Hours before the start of the March, we began to see women (and men!) on the streets wearing pink hats, carrying signs, excited — almost giddy — for the day’s events. I myself was nervous. My friends had cautioned that the protests might get violent, and I feared they could be right.
Thankfully, the opposite was true: it turned out to be the kindest, warmest group of bad*ss protesters ever. From a woman in a wheelchair with a sign that said, “HEAR US ROAR,” to the daughters/mothers/grandmothers marching together, I’ve never felt more inspired. And being there, I felt just so proud to be an American (born of immigrants, no less!).
My time at the March also reminded me of the differences that continue to divide our country. Returning to the hotel, I found myself in a spirited conversation with a white father-daughter pair from Montana (who were definitely not in town for the March), and an African American woman from Atlanta. The girl from Montana was curious about the March and started asking questions about it; her father seemed to think it was about abortion and related to protests on Inauguration Day. I tried to clarify that neither of these were true. The woman from Atlanta agreed, and also expressed her belief that we’ll need to collaborate across parties to make change happen. Hearing their perspectives, I was reminded of how liberal my San Francisco bubble is. The March prompted a meeting of perspectives and dialogs, like this one, which weren’t happening as much before.

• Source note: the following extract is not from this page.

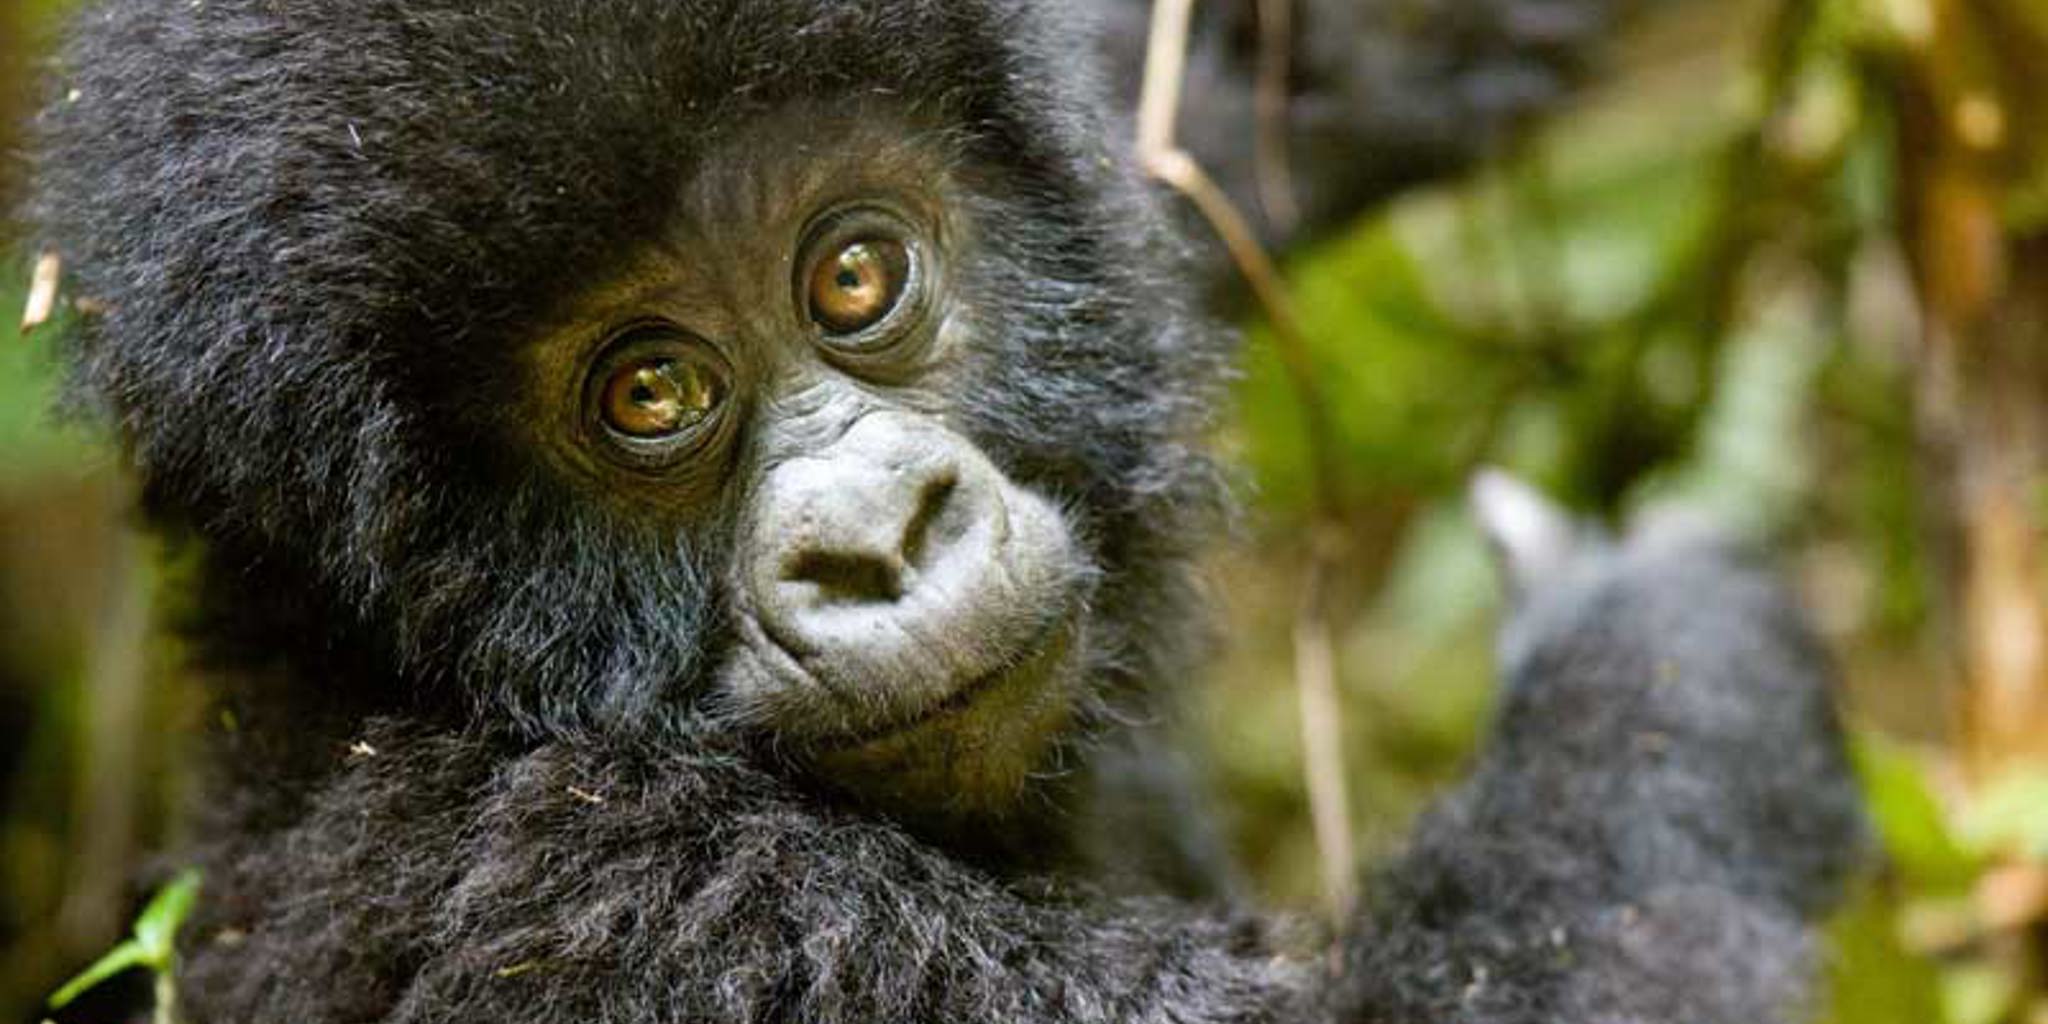 baby gorilla, volcanoes national park, Rwanda safaris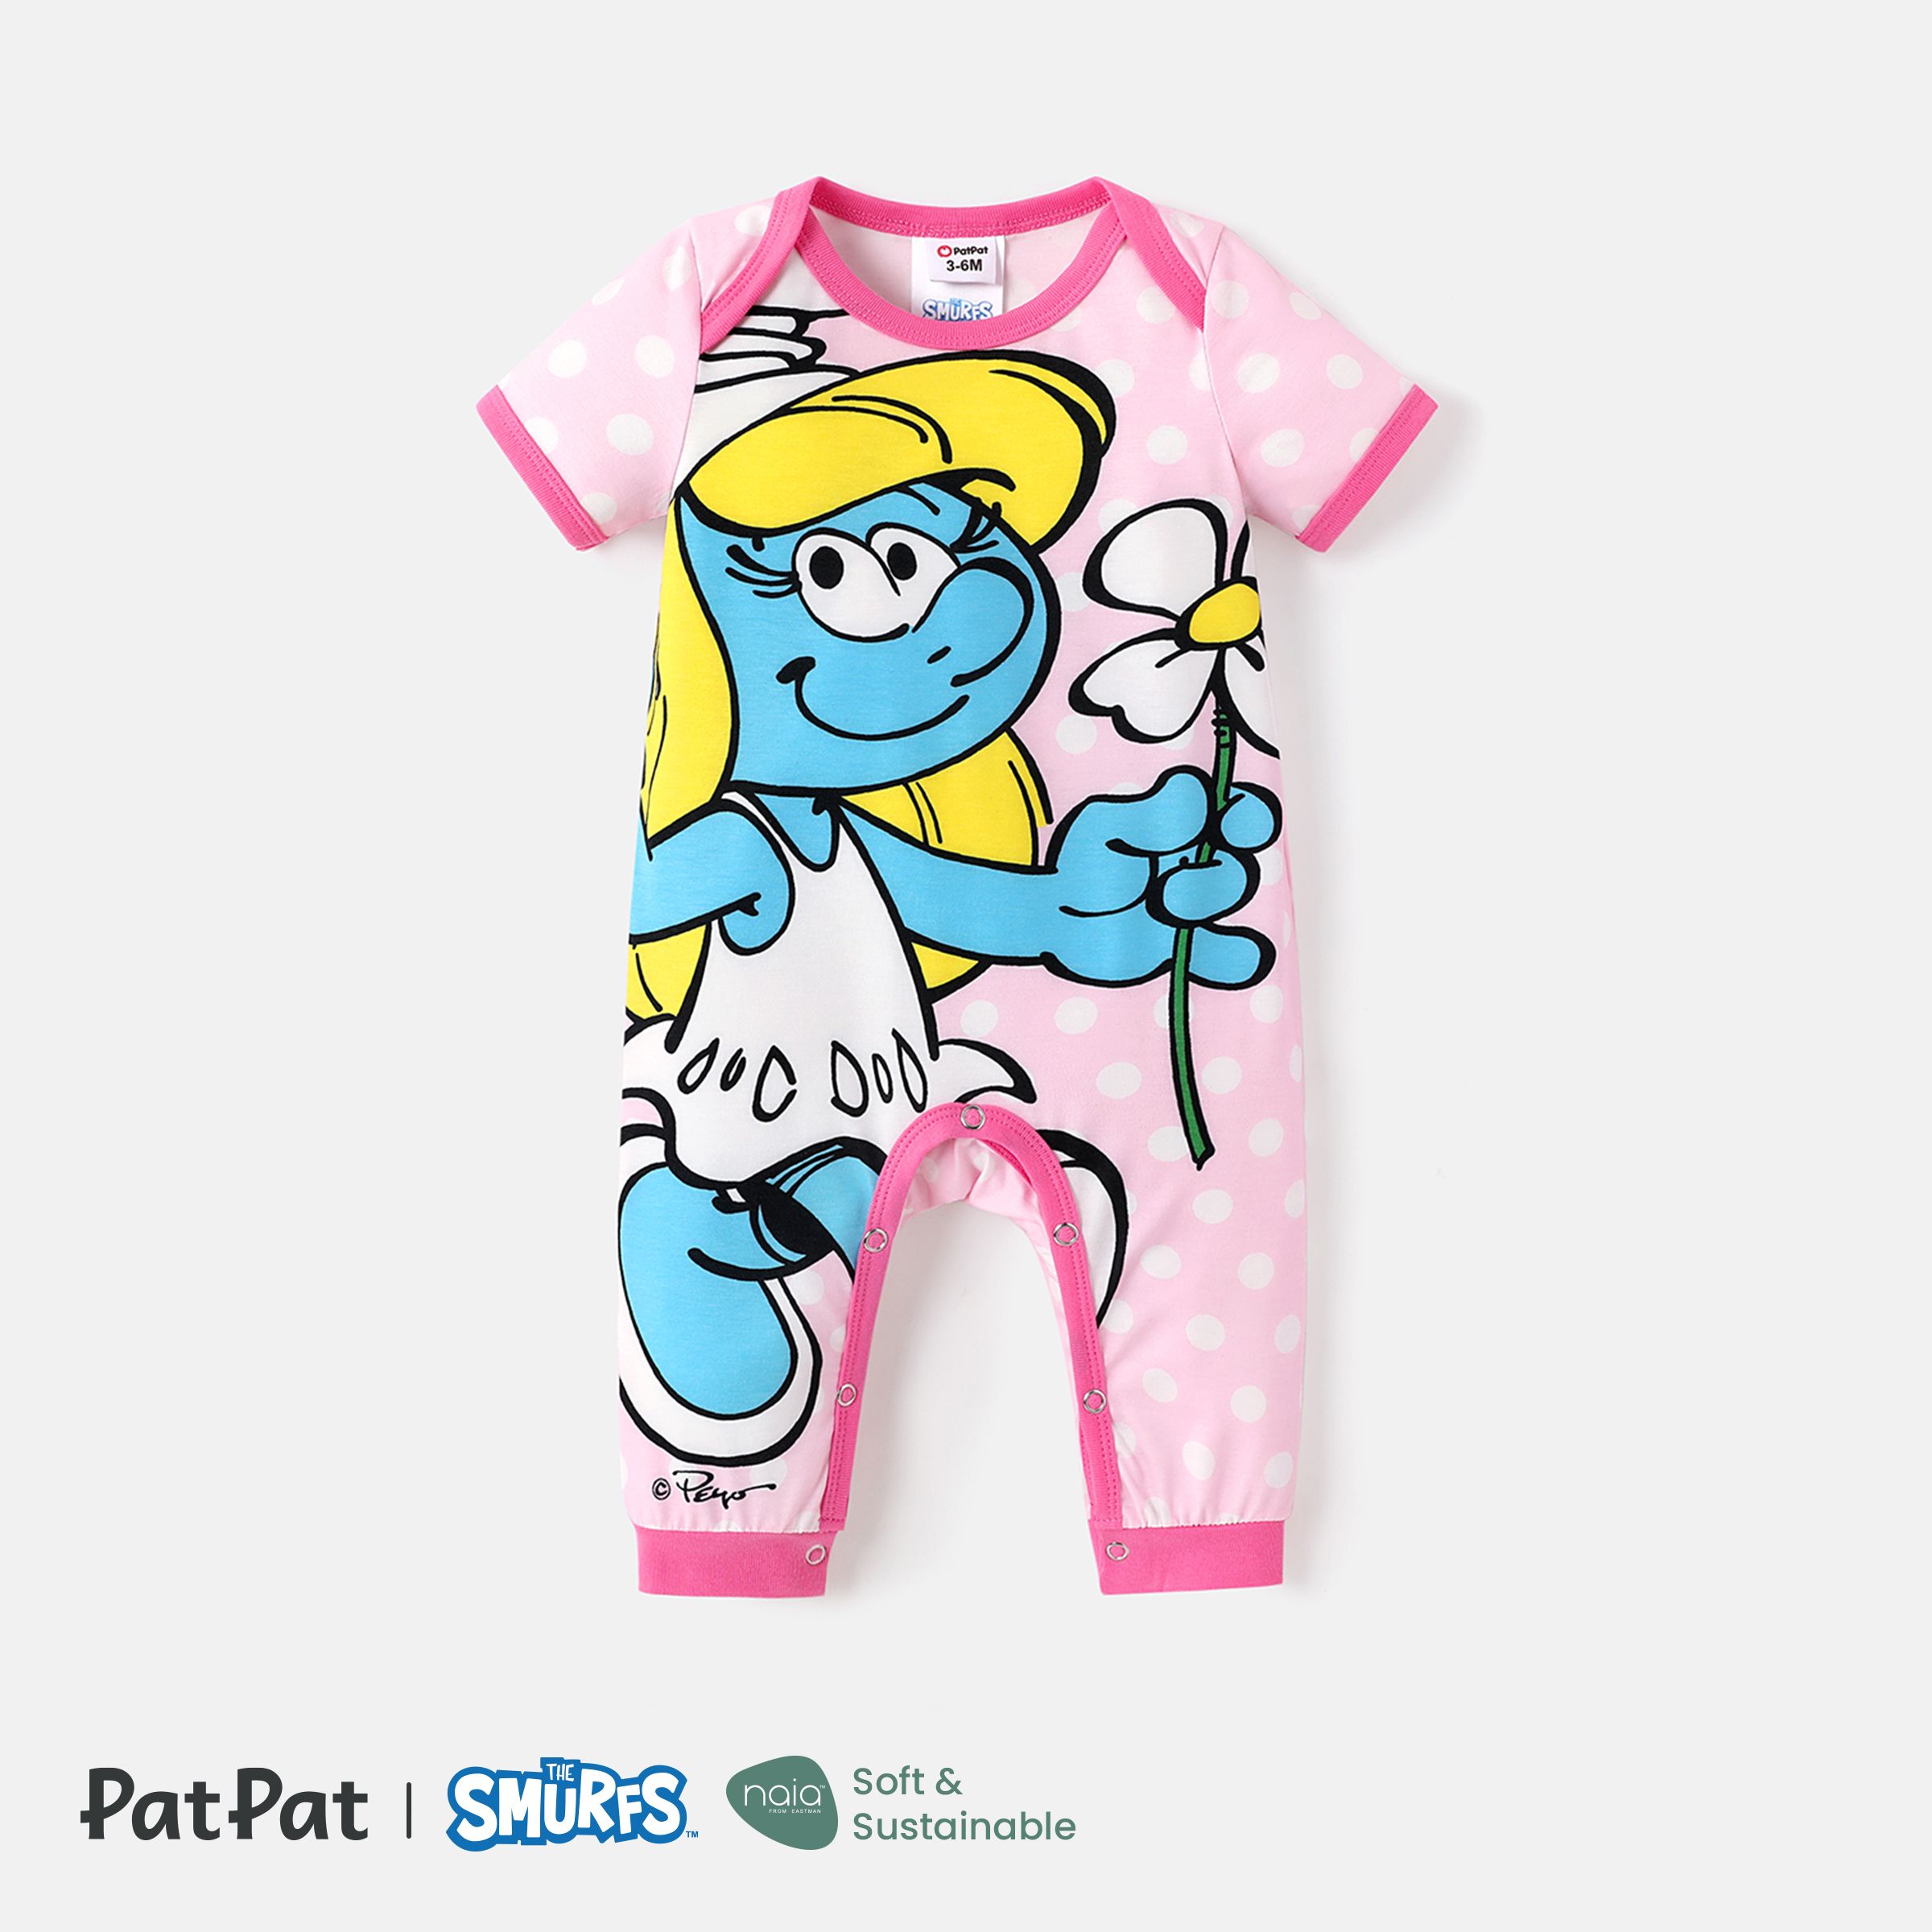 The Smurfs Baby Boy/Girl Graphic Print Striped Short-sleeve Naiaâ¢ Jumpsuit

I flew home exhilarated, inspired, and bonded with millions all over the world. I hope this is just the beginning of our dialog — and of more action to come.
I was surprised by the number of children I saw going to the Women’s March in San Francisco. I met a mom holding her son on BART, on the way to Civic Center Station. She told her son how proud she was of him, and that “We need to let others hear our voices.” This was her son’s first time taking BART, and definitely his first time participating in any sort of march. It really moved me to see democracy in action, education carrying over from generation to generation.
Working at Glow, I cannot help but get swept up in the stories and lives of women in our community. We educate millions of young women who are just learning to navigate their sexual health. We support women who are desperate to conceive and others who are determined not to. We assist mothers, through pregnancy, postpartum, childbirth and even the first year of their baby’s lives. In the community, we hear their stories, and their lives touch mine.
Every single one of these women now faces an uncertain and perilous future. Women’s rights, not just those related to our bodies, but those related to our general welfare, have taken a huge step back. This is happening in every corner of the world: in America, and in any place where American assistance is needed and vital.
By participating in the Women’s March on Washington, I felt that I was coming together with millions of others to say that we will not remain quiet.